**Task to carry out**
Omit all pictures, then retype the data exactly as given.

**Data**
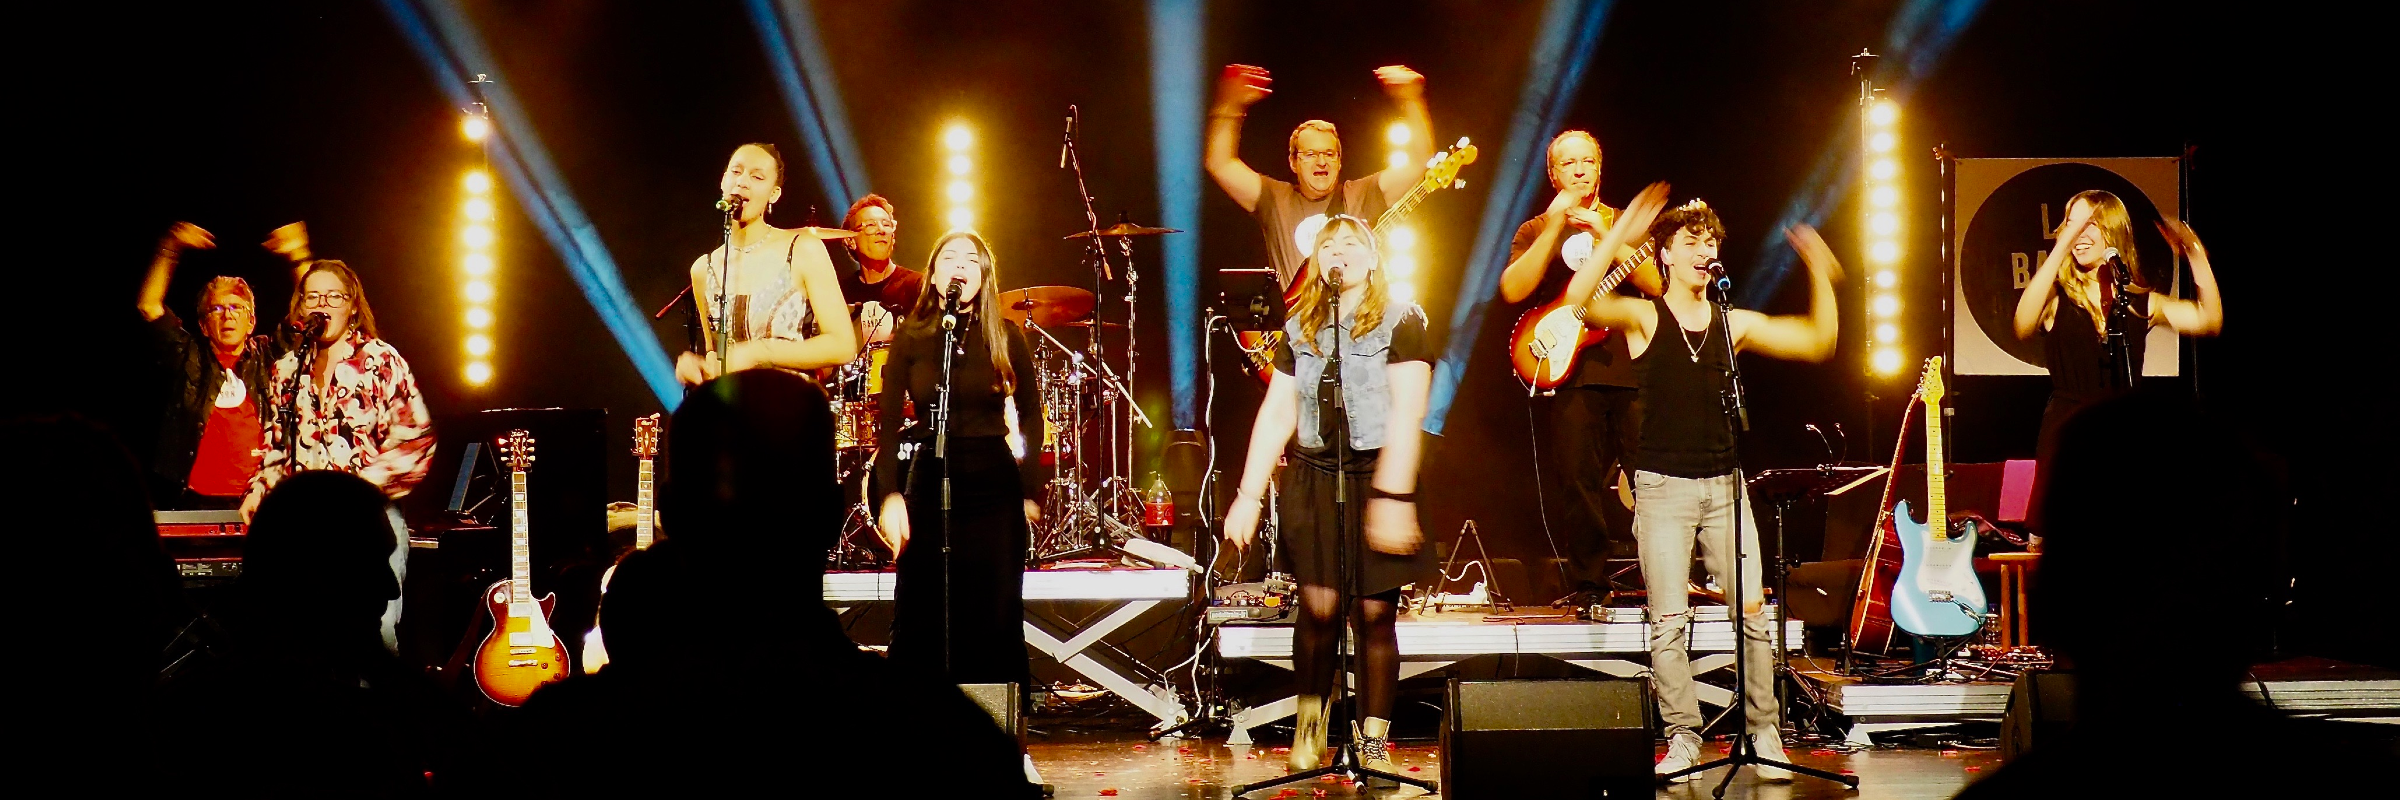 La Bande Son, groupe de musique Pop en représentation à Bas Rhin - photo de couverture
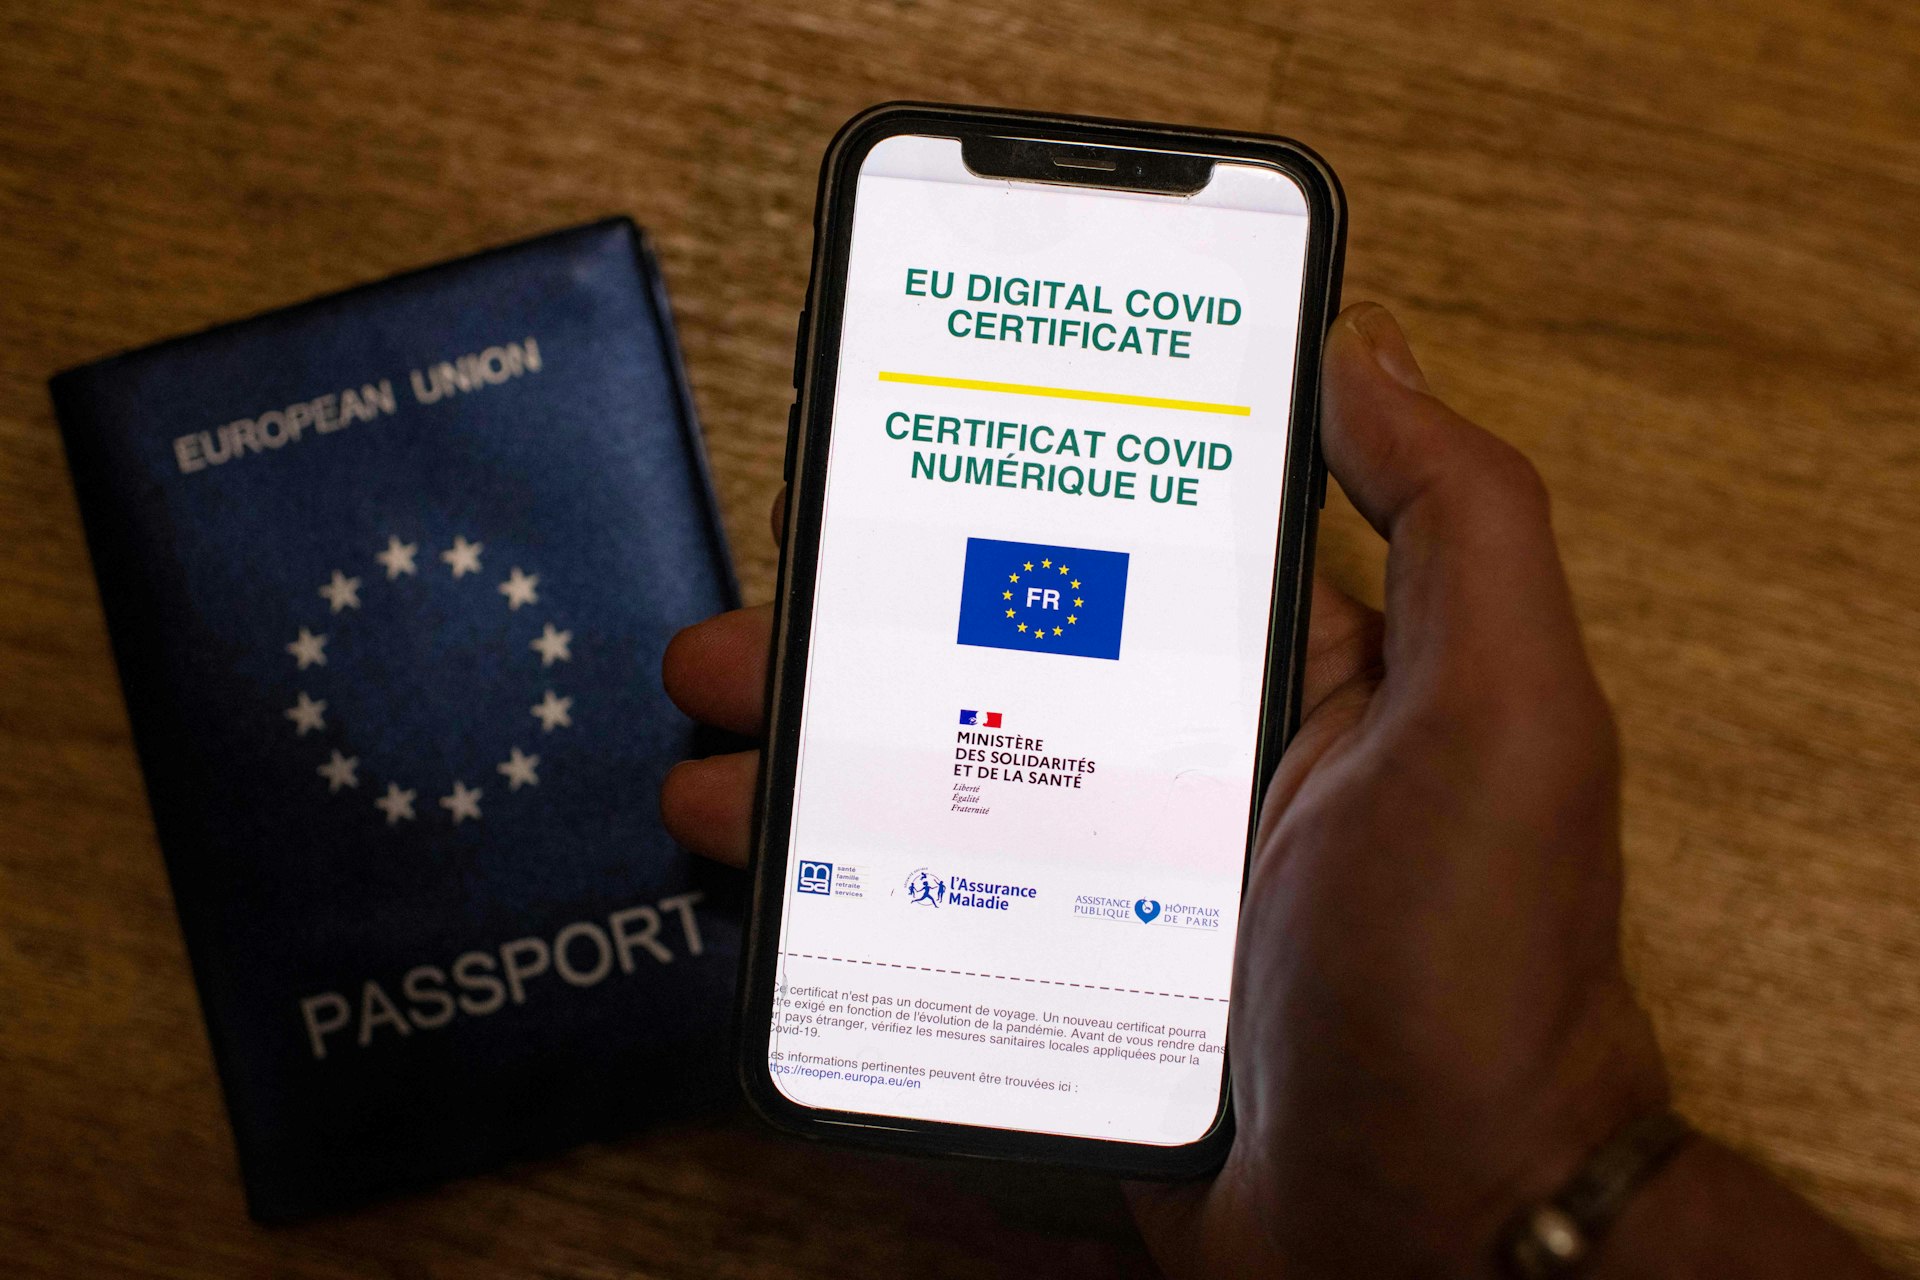 Digital version of the EU's digital COVID certificate
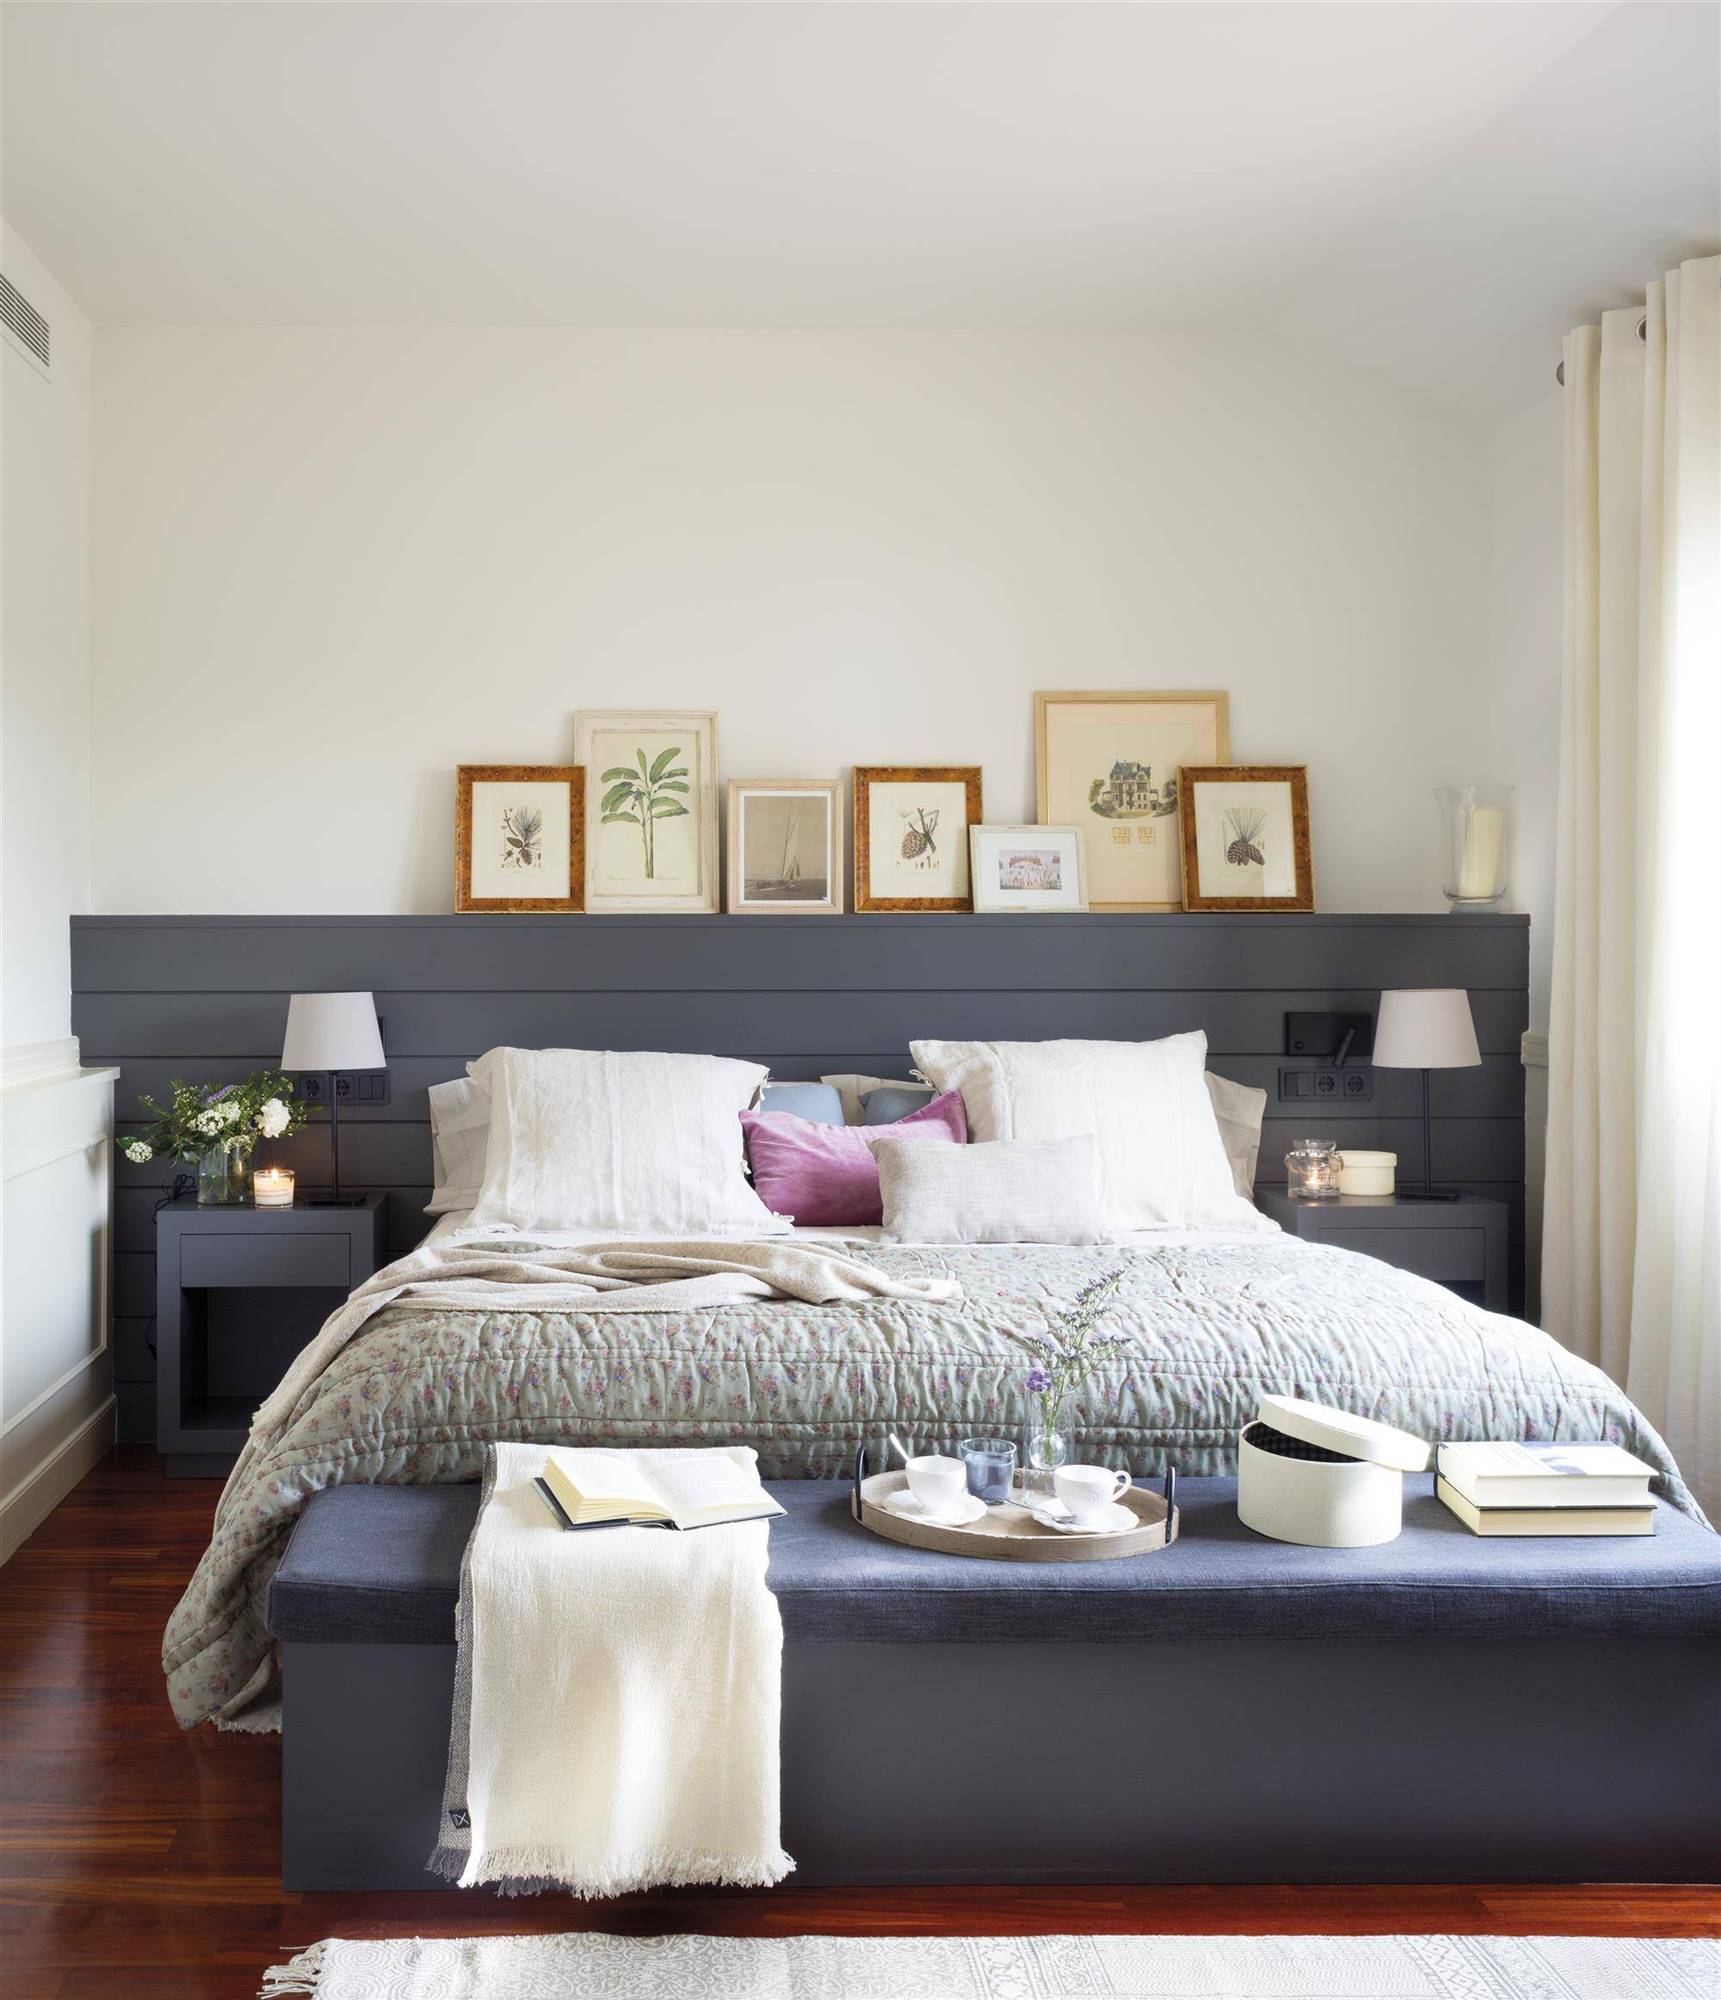 Muebles a medida: cabeceros de cama muy ingeniosos

**Written solution**
 La Bande Son, groupe de musique Pop en représentation à Bas Rhin - photo de couverture
 Digital version of the EU's digital COVID certificate
 Muebles a medida: cabeceros de cama muy ingeniosos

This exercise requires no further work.